ICA-based artifact correction is implemented in ERPLAB Studio using the EEGLAB ICA panel in the EEG tab.

In its simplest form, ICA-based artifact correction involves three steps.

  • Go to the EEGLAB ICA panel and click Decompose data to obtain the independent components (ICs) for the selected EEGset. This creates a new EEGset that contains the ICs along with the original EEG data.
  • Determine which ICs reflect artifacts. This can be accomplished manually by examining the scalp topography and frequency content of each IC (by clicking the Inspect/label ICs button) and by examining how well the time course of a given IC matches the time course of the artifact in the original data (by selecting both Display chans and Display ICs in the Plot Settings panel).
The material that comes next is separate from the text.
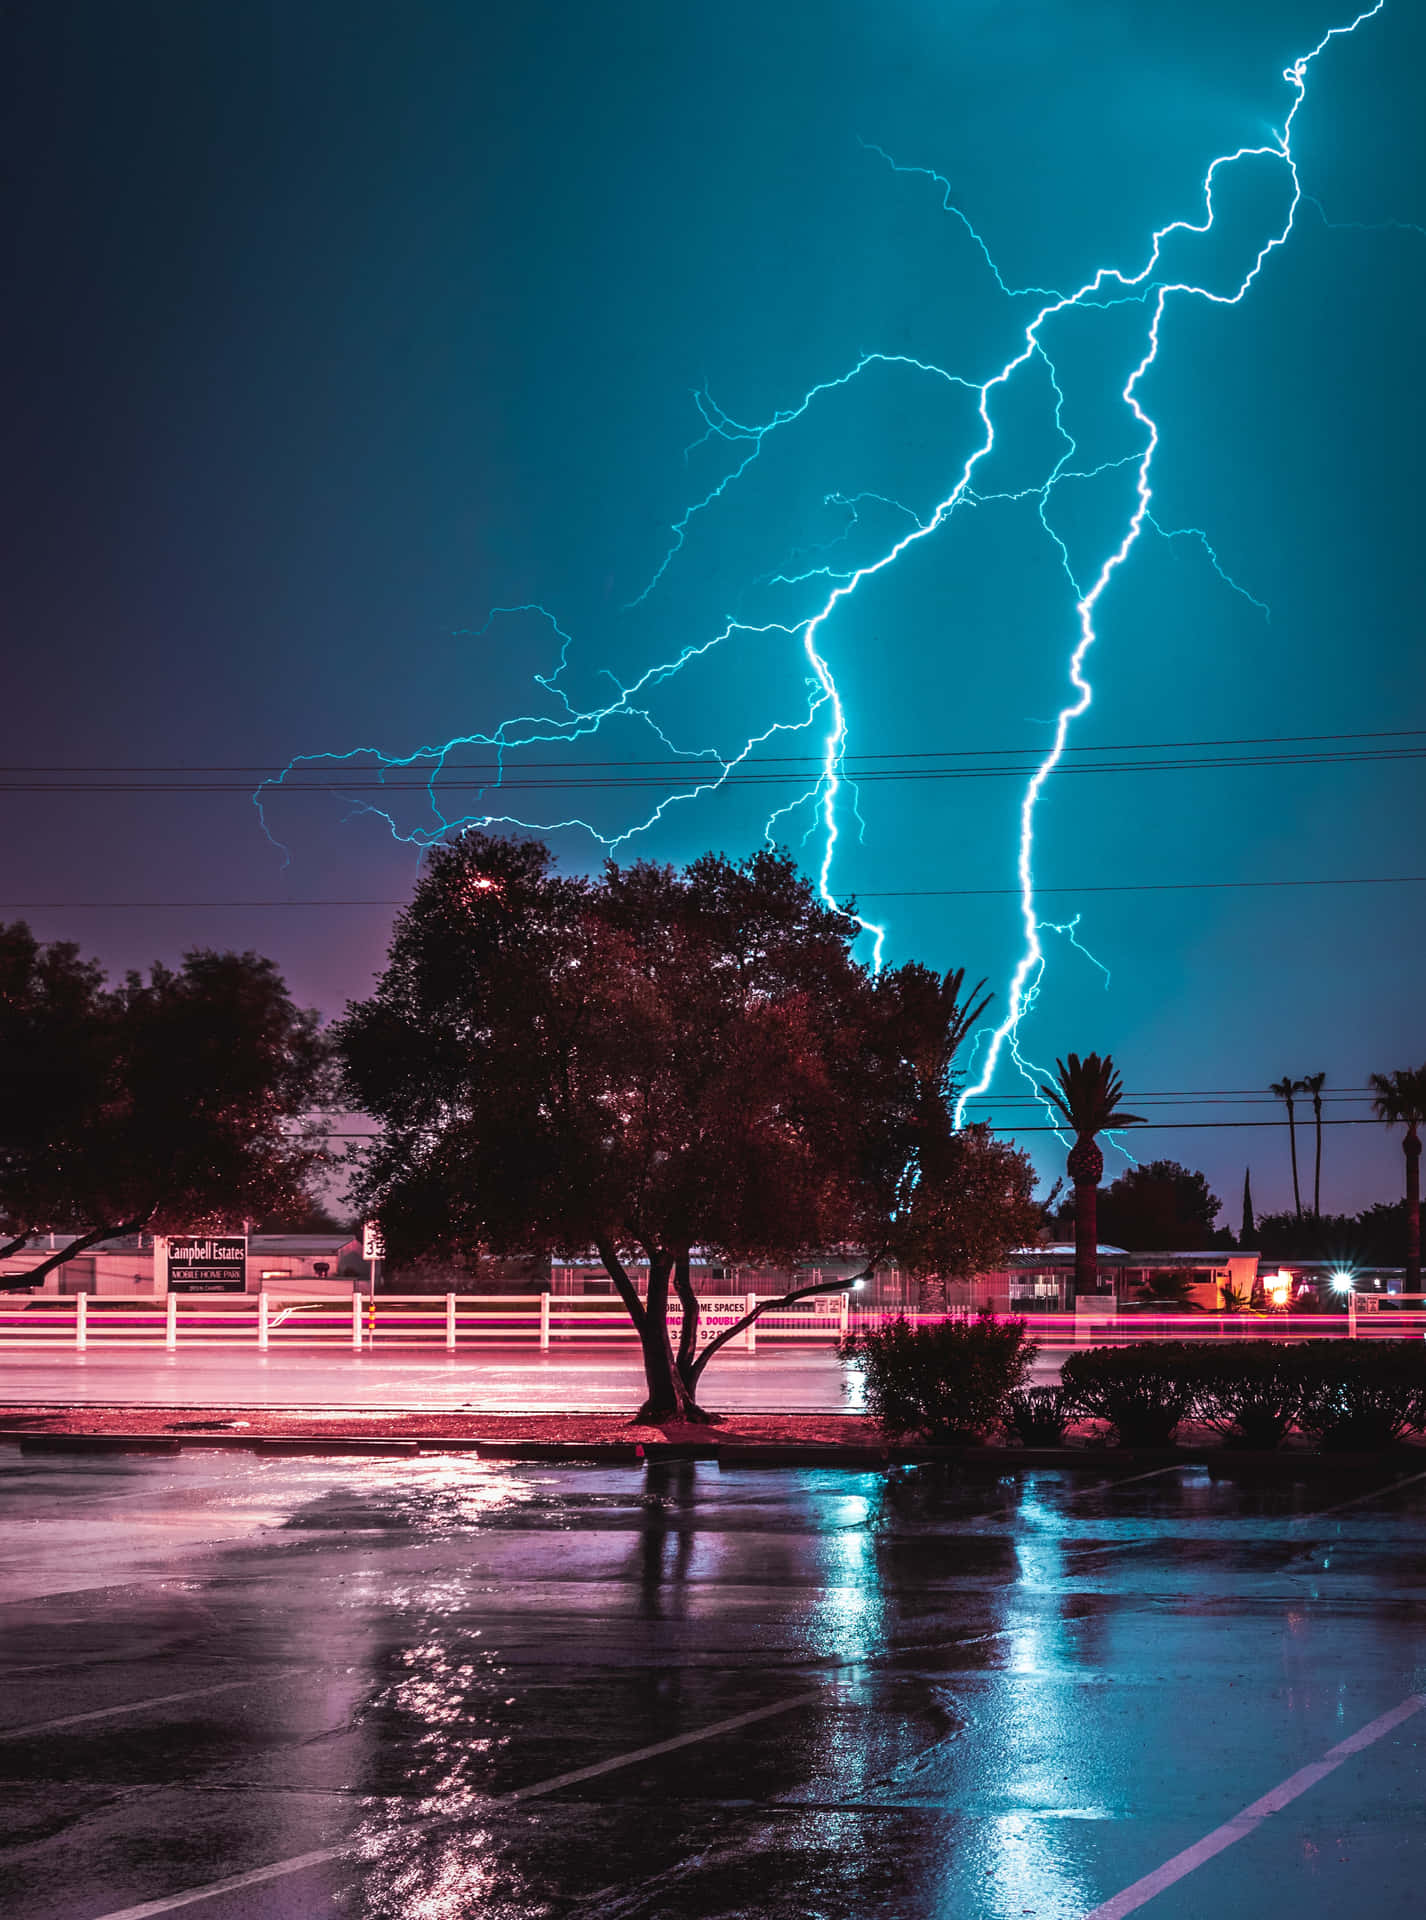 Image  A jagged streak of powerful blue lightning sparks against a black sky.

Alternatively, automatic classification can be performed by clicking the Classify IC by ICLabel button (which uses the ICLabel algorithm). If you use automatic classification, we strongly recommend visually confirming the classification by examining the scalp topography and time course of each IC.
  • Go to the EEGLAB ICA panel and click Remove ICs to remove the ICs corresponding to artifacts. This creates a new EEGset that contains the corrected EEG data.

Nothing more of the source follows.